Is the beginning of the 112th Congress the end of Obamacare?
With trademark lachrymosity, Congressman John A. Boehner accepted the gavel of the House of Representatives Wednesday from outgoing Speaker Nancy Pelosi. Presiding over his maiden session in the “people’s House,” Boehner aptly expounded on “the people’s” will and the urgency of enacting it during the already-fleeting tenure of the 112th Congress. “The people voted to end business as usual,” the speaker said, “and today we begin carrying out their instructions.” More than empty rhetoric, Speaker Boehner leads an ambitious Republican constituency, which has already seized both horns of the national dilemma: the looming prospect of the unpopular healthcare legislation passed by President Obama and the previous Congress, and the unmanageability of federal spending. Both pit Republicans directly against the agenda President Obama has aggressively led for the past two years. This time around, however, no single party holds many trump cards.

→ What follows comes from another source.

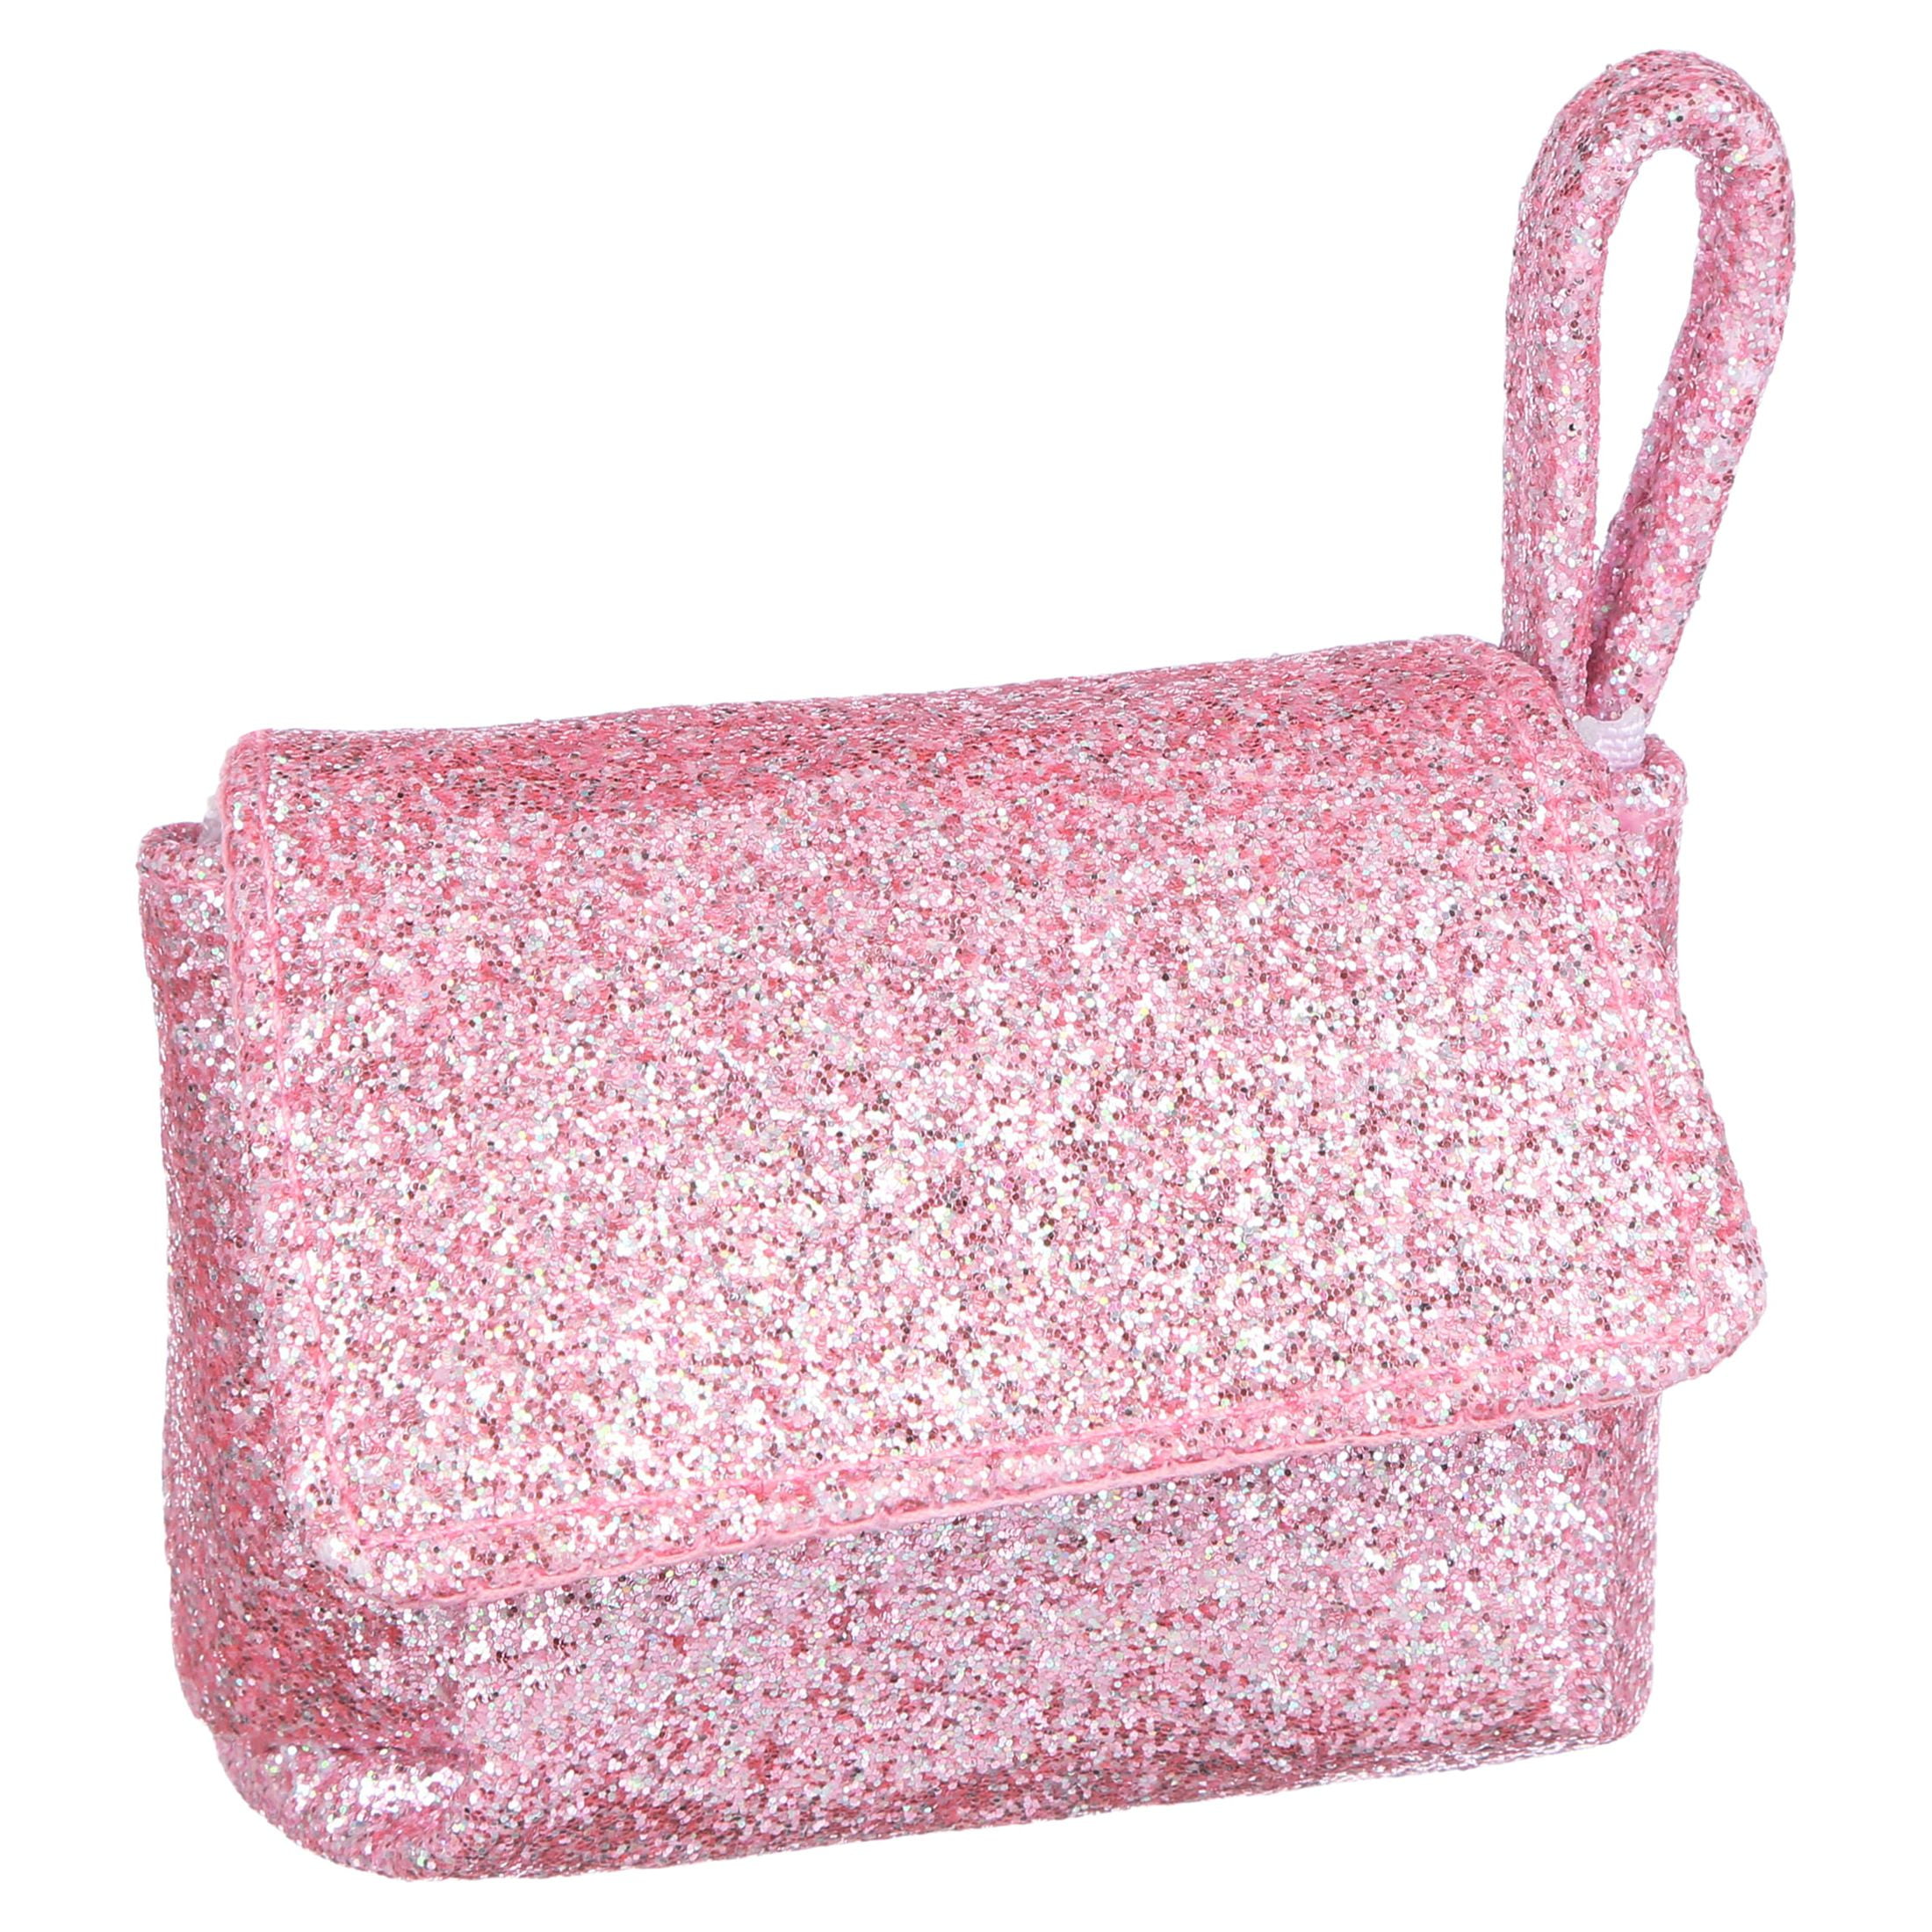  REAL LITTLES, Collectible Micro Handbag Collection, 5  Exclusive Bags

A few hours after representatives were sworn into office, the now Republican-led House enacted a number of new rules to address spending and taxation. A Democratically-controlled House in 2007 instituted the “pay-go” policy, essentially requiring that new spending be offset by spending cuts or tax increases. Today’s Republicans have replaced this policy with what they call “cut-go,” or requiring spending cuts and prohibiting tax increases for new spending. Taxes, on the other hand, can be cut even without an offset in spending reductions elsewhere. This maneuver has prompted many on the Left to accuse Republicans of hypocrisy with respect to their seriousness toward reducing the deficit. This criticism, however, ignores the potential for diverting revenue to the deficit from desperately-needed government downsizing. As GOP leaders have frequently argued, “We don’t have a revenue problem. We have a spending problem.”

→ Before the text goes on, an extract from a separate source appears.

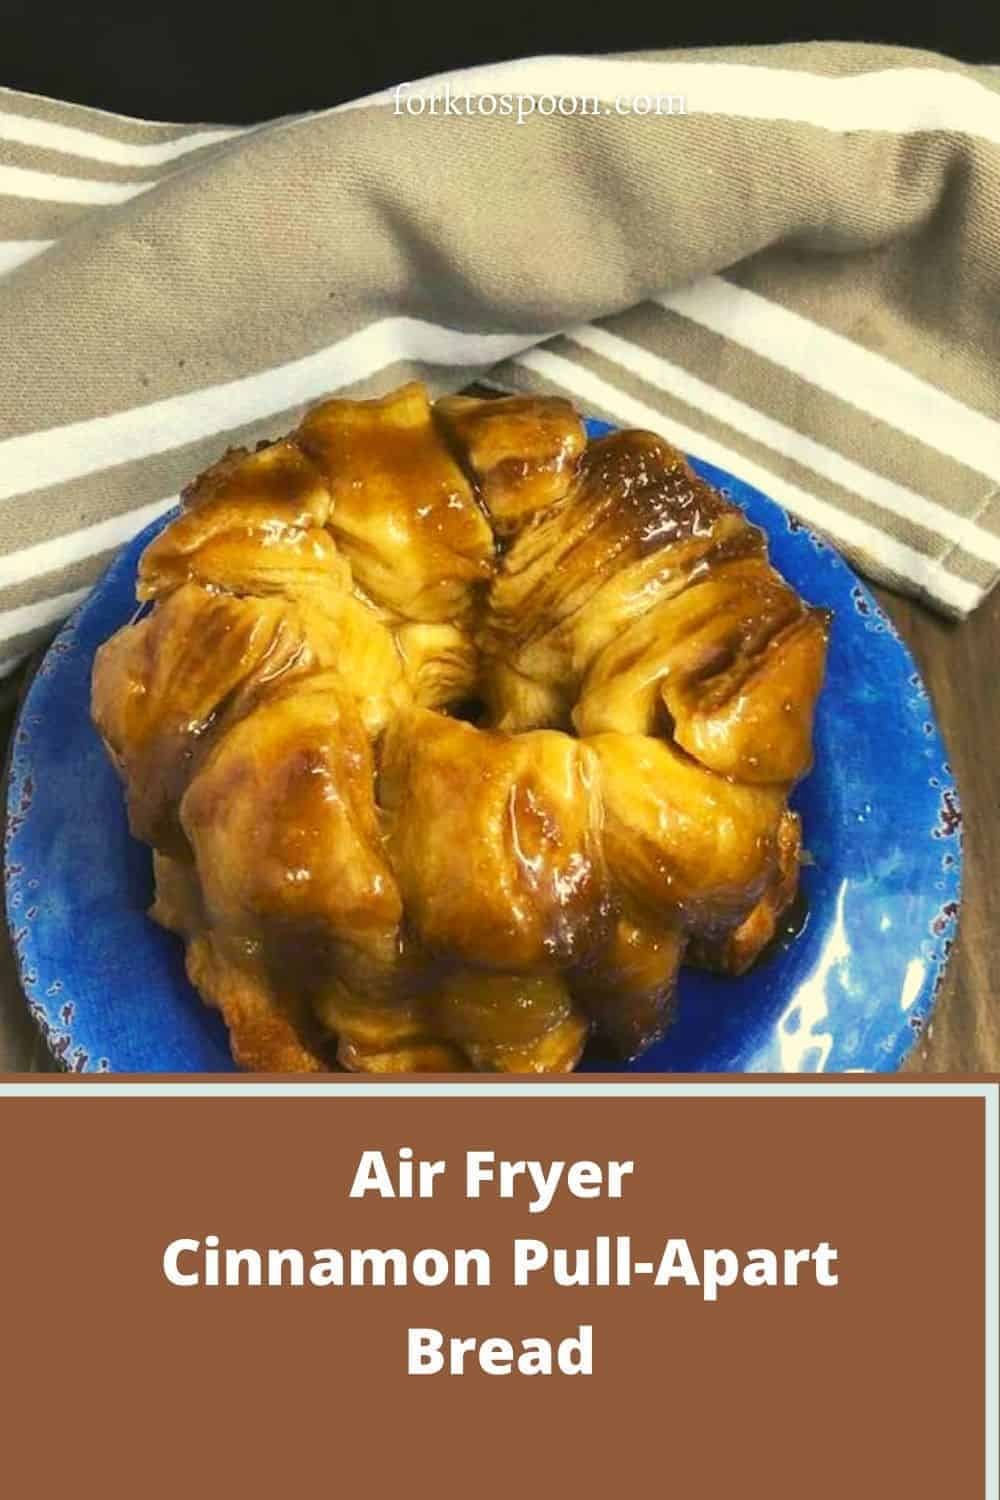 Air Fryer Cinnamon Pull-Apart Bread

The talk of the town as of late has been the need to raise the federal debt ceiling, which proponents argue is needed to preserve America’s AAA credit rating. House Republicans are divided on this issue, with some staunch conservatives absolutely committed to voting “no” on an increase, while some suggest they will vote for the increase if it is accompanied by austerity measures. In any case, new House rules have mandated that the debt ceiling increase must be approved through an on-the-record vote, rather than through the annual budget process. This will make the increase more difficult to pass, or at least the subject of closer public scrutiny. Another House rule will require the bill (and all bills) to be posted on the Internet 72 hours before being brought to the floor for debate. This will be a sharp distinction to the secrecy of Pelosi’s House, where legislation was not uncommonly fashioned in the early morning hours and brought to the floor for a vote the following day.
Even before taking office, Republicans slated a vote on the repeal of President Obama's healthcare overhaul bill for January 12. The repeal is expected to pass comfortably in the House, but stall in the Senate. Yet Democrats in the upper chamber are notably weakened and the controversial “insurance mandate,” integral to the president’s healthcare plan, is quickly losing support. Six Democratic Senate seats were lost to Republicans in the midterm election, with a number of remaining Democrats, such as Claire McCaskill (D-MO) and Joe Manchin (D-WV), signaling that they will align with Republicans on a host of issues. McCaskill, who is noted as being close to the president, has said she is amenable to getting rid of the insurance mandate, which is highly unpopular in her state. Manchin disapproves of the mandate and has claimed he will vote for the repeal if it is not removed. Senators Ben Nelson (D-FL) and Richard Blumenthal (D-CN) have both indicated they will review the healthcare bill, especially apropos the insurance mandate.
House Democrats are still led by Nancy Pelosi, who was voted minority leader also on Wednesday. But a resolute constituency of nineteen moderate Democrats refused to vote for the embattled former speaker, opting instead for moderate Heath Shuler. This sends a clear message to both Pelosi and President Obama that the days of rank-and-file liberalism are over. House Energy and Commerce Committee Chairman Fred Upton (R-MI) has projected that if the vote to repeal Obamacare wholesale receives strong enough bipartisan support in the House, “it will put enormous pressure” on the Senate to do the same. At the very least, piecemeal repeal would stand a much greater likelihood of success.
This is especially true of the insurance mandate, which appears to be seriously imperiled at this time. It is highly unlikely that measures that are popular with the public, such those that allow children to stay on parental health insurance longer or that prohibit the termination of coverage due to pre-existing conditions, will be repealed. The paradox is, these practices, cruel as they are, unfortunately keep down the cost curve in a system plagued by state-government-created insurance monopolies, limited risk pools, and costly state regulations. If we are to avoid finding ourselves in exactly the same situation a few years hence, and if we are to truly stop “kick[ing] the can down the road,” as Speaker Boehner said in his Wednesday address, then we must hope that the 112th Congress is willing to be as bold with effective free-market solutions as the 111th was with statist ones. To “end business as usual,” there can be no other way.